1. Introduction of suqid

1.1 What is squid?
Squid is a high-performance http proxy server and web caching server, which can well implement caching proxy for HTTP and FTP, DNS query, SSL and other applications.

1. The proxy user requests data from the web server and caches it, which can filter traffic to help network security.

2. It can be used as a link in the proxy server chain, forwarding data to superior agents or directly connecting to the Internet.

3. It can be used in the local area network to enable the users of the local area network to surf the Internet through a proxy.

4. Data can be cached in memory, and the results of DNS queries are also cached.
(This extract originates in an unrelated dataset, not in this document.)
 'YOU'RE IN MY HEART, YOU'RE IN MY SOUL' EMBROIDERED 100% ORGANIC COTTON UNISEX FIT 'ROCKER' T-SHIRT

Non-modular DNS queries are also supported, and failed requests can be cached passively.

5. Squid supports SSL and ACL access control.

The working mechanism of the Web proxy
caches web page objects to reduce repeated requests

Introduction to Alibaba Cloud Content Delivery Network (CDN)

1.2 Advantages of Squid
1. Improve client access speed.
2. Conceal the ip address of the internal host.
3. Simple deployment and access control can be achieved.
1.3. The role of squid
1. Proxy Internet access (traditional proxy, transparent proxy)
2. Acceleration of website static page caching (reverse proxy)

Two, Squid's proxy type

1. The traditional proxy is also called the forward proxy, which is suitable for the Internet and the server must be clearly specified.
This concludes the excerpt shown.